Condos keeping red-hot real estate market stoked
CMHC housing outlook classifies Metro Vancouver as vulnerable to volatility
Derrick Penner
The Province
Metro Vancouver’s real estate market remains classified as highly vulnerable to volatility at the start of 2018 due to an overheating in condo sales in some corners and overvaluation of prices that continue to defy local fundamentals, the Canada Mortgage and Housing Corp. said Tuesday.
That was the conclusion of CMHC’s first-quarter housing market analysis that found conditions in Metro Vancouver have remained in a precarious position for the last six quarters.
“What we have in Vancouver as a region is a two-speed housing market,” said Eric Bond, CMHC’s regional market analyst. “The single-detached (home) is at one speed with more balanced market conditions and not as much price growth.”
“Now, really, it is attached properties, particularly condo markets, where we still have multiple offers, there is still strong price growth and limited (inventories) for sale.”
And that segment, Bond said, is being driven by first-time buyers scrambling to purchase units where prices are still within reach of their means.
For North Delta, buyers saw condo prices soar 53 per cent in the fourth-quarter compared with a year ago.

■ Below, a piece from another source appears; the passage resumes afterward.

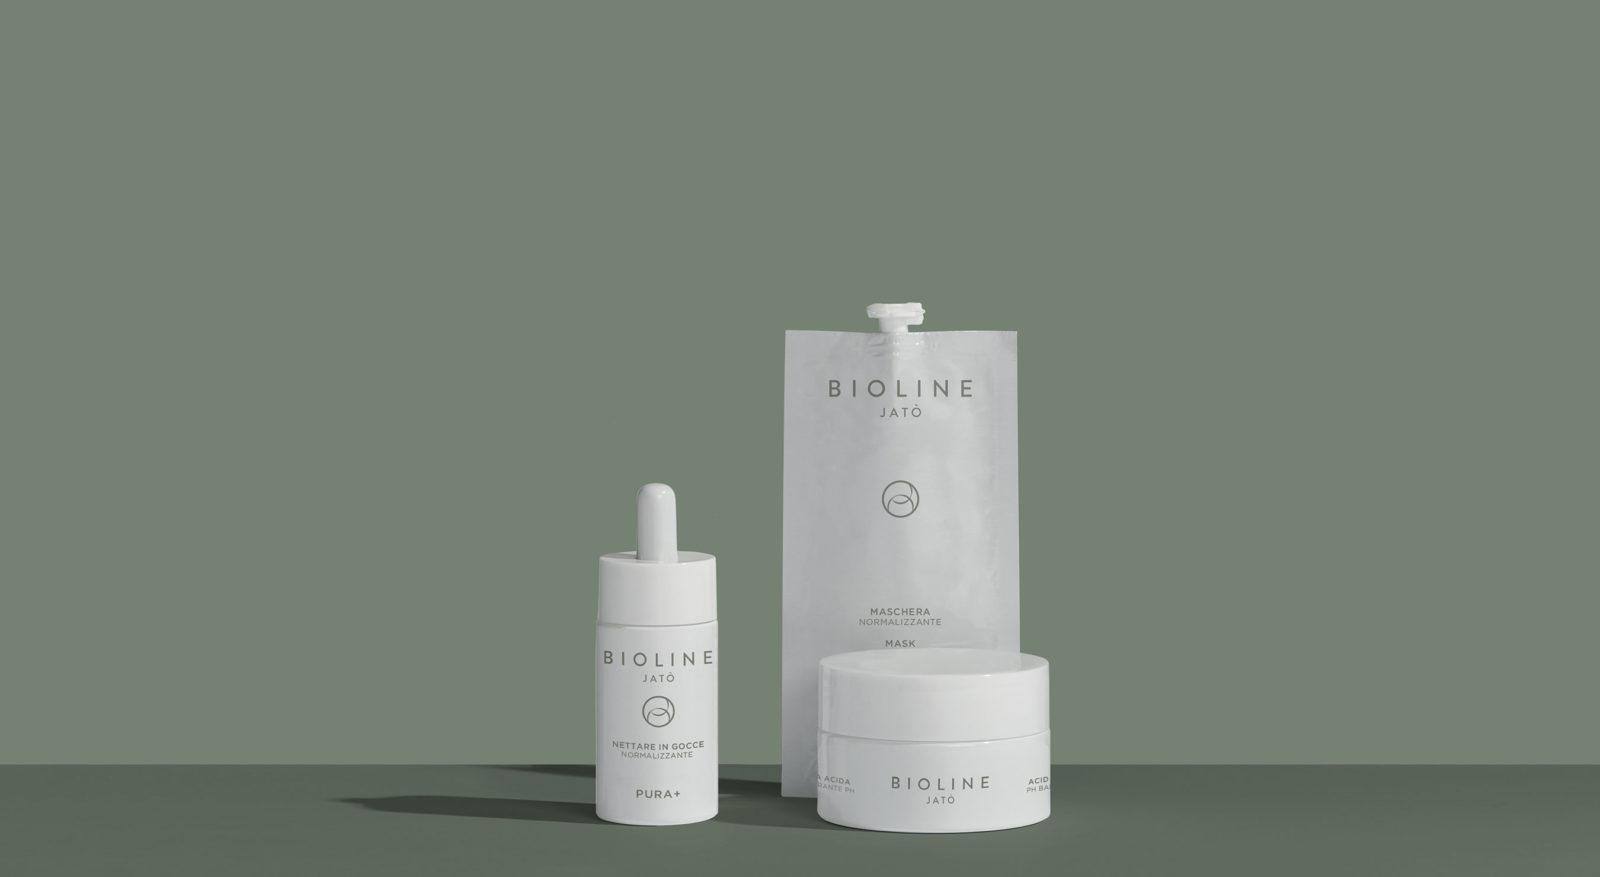 Linea Pura+ - Bioline Jatò

In Surrey and Langley it was 34 per cent.
More broadly, the scramble for more affordable housing saw prices in the Fraser Valley shoot up 15 per cent by the end of 2017, compared with the same period a year ago. By contrast, prices across the bulk of Metro Vancouver covered by the Real Estate Board of Greater Vancouver rose 10 per cent.
CMHC’s forecast does anticipate new mortgage rules that make it tougher for first-time buyers to qualify for loans will curb some demand in the market.
Bond said their forecast is for between 32,000 and 34,000 property sales in Metro Vancouver in 2018, compared with 37,000 in 2017, but a lack of inventory of homes for sale will continue to put pressure on prices in some segments.
The region saw record-setting new-home construction in 2016, the CMHC’s analysis shows, but builders still haven’t been able to keep up with demand keeping the number of new units available for sale low.
“Supply in the region has been fairly unresponsive to strong demand,” said CMHC chief economist Bob Duggan. “That’s what we’ve seen in Toronto and Vancouver.”
CMHC’s analysis also continued to track an issue with properties being over valued, prices that can’t be accounted for by local fundamentals such as income and population growth.
On that point, Bond said the data CMHC has to work with “is a bit thin” to determine where the wealth to make purchases is coming from, but the agency is starting to build a better picture.